» **What to work on**
Restate all the lines below word for word, but omit the pictures.

» **Data shown**
━━━━━━━━━━

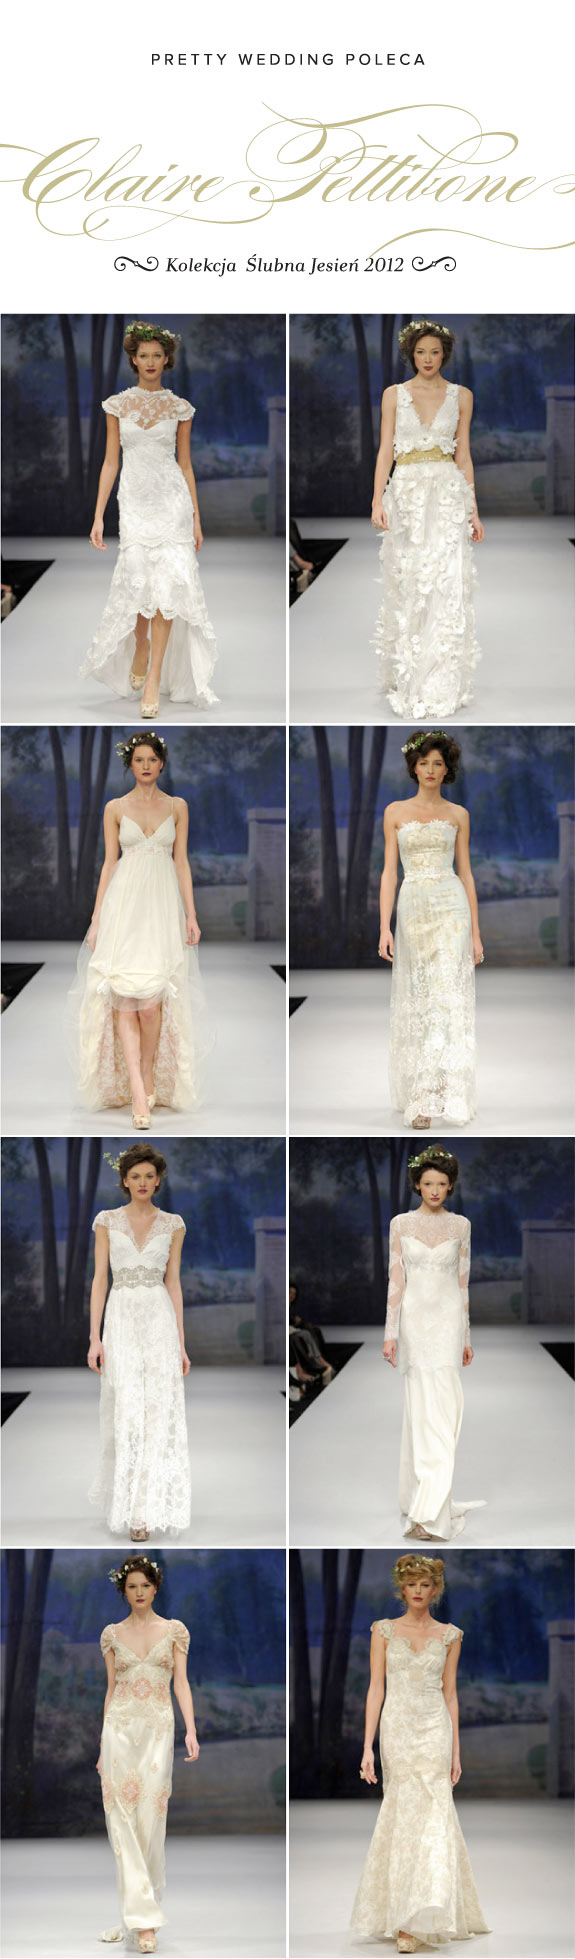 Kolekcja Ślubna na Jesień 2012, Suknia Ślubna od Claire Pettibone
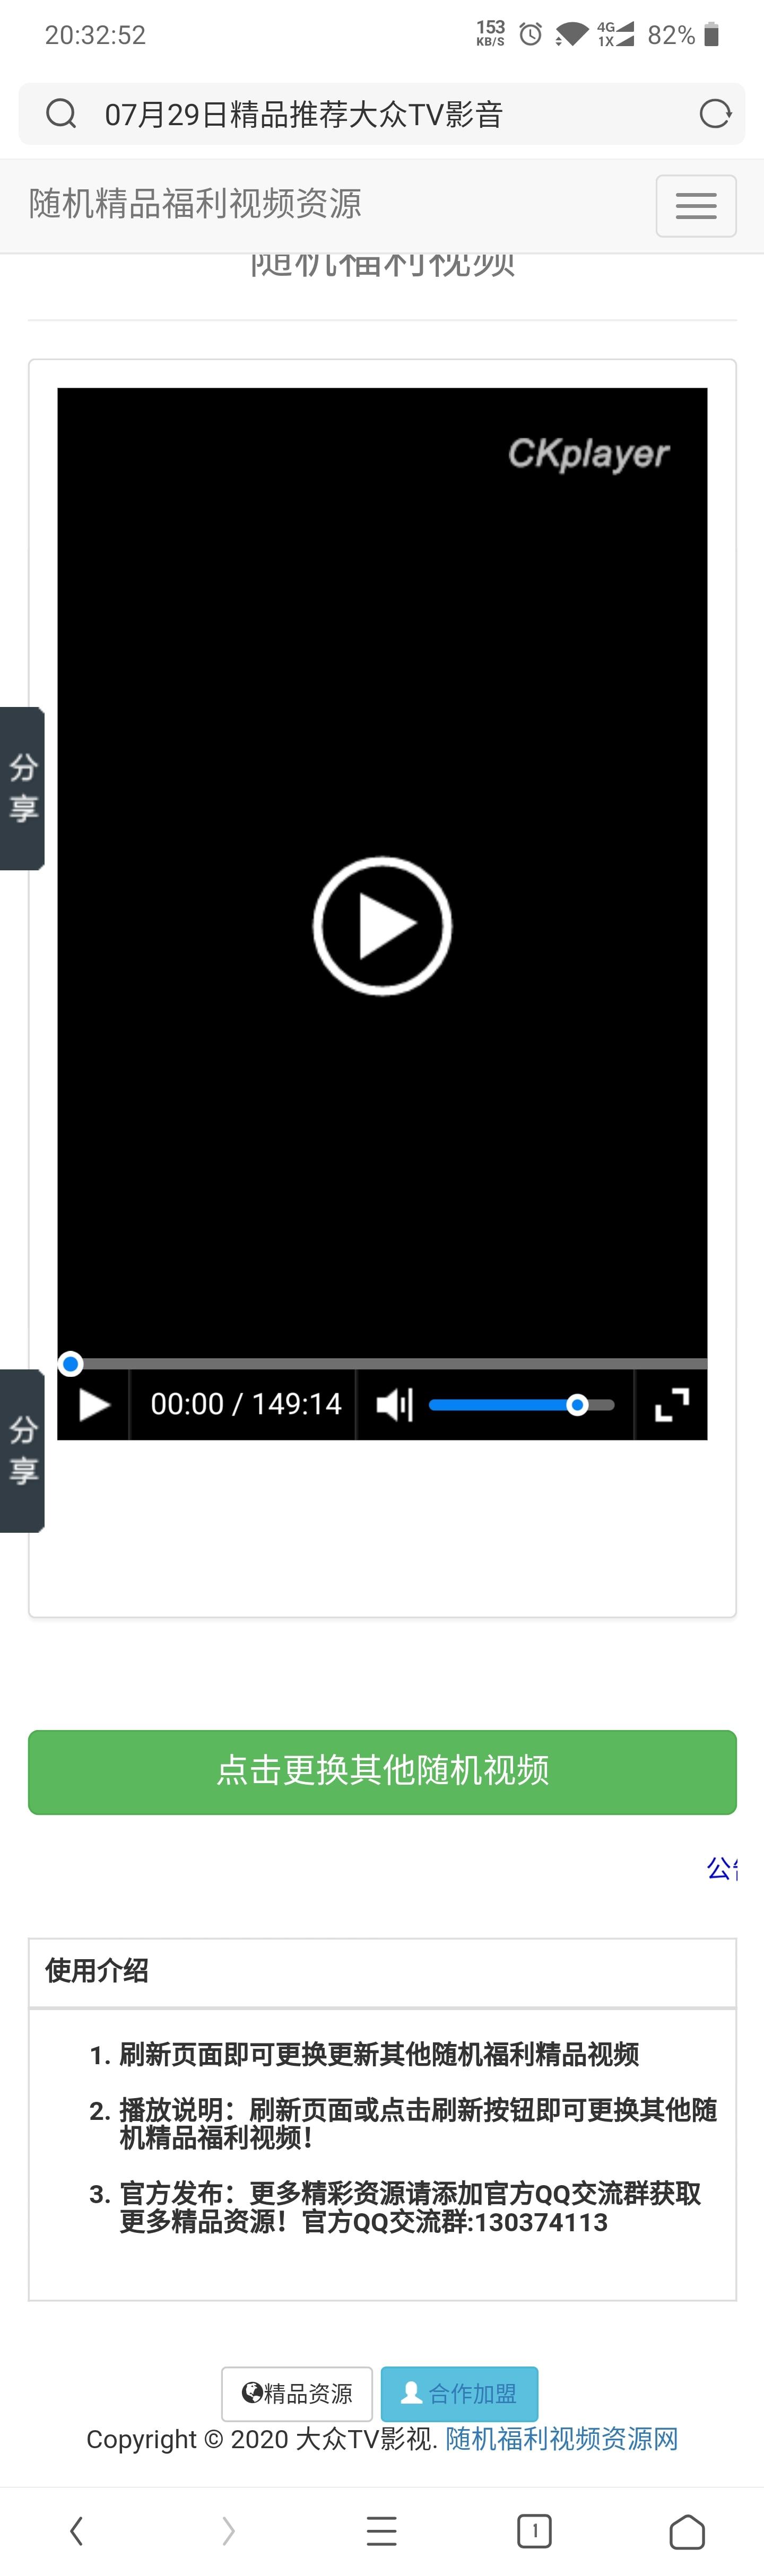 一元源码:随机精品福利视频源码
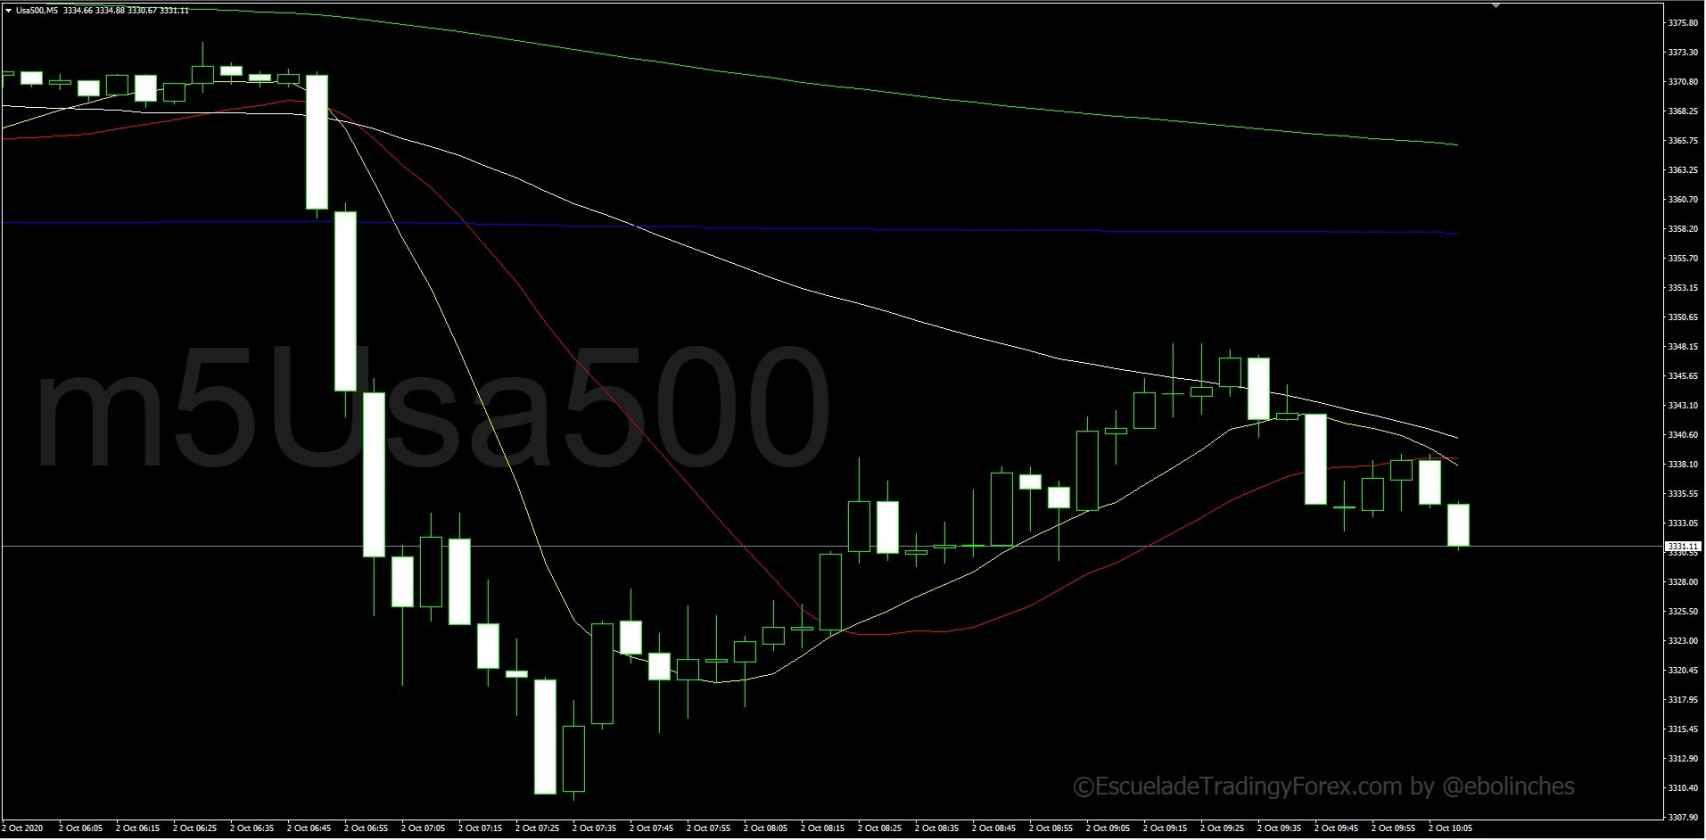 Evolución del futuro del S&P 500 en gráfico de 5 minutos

━━━━━━━━━━

» **Exercise output**
 Kolekcja Ślubna na Jesień 2012, Suknia Ślubna od Claire Pettibone
 一元源码:随机精品福利视频源码
 Evolución del futuro del S&P 500 en gráfico de 5 minutos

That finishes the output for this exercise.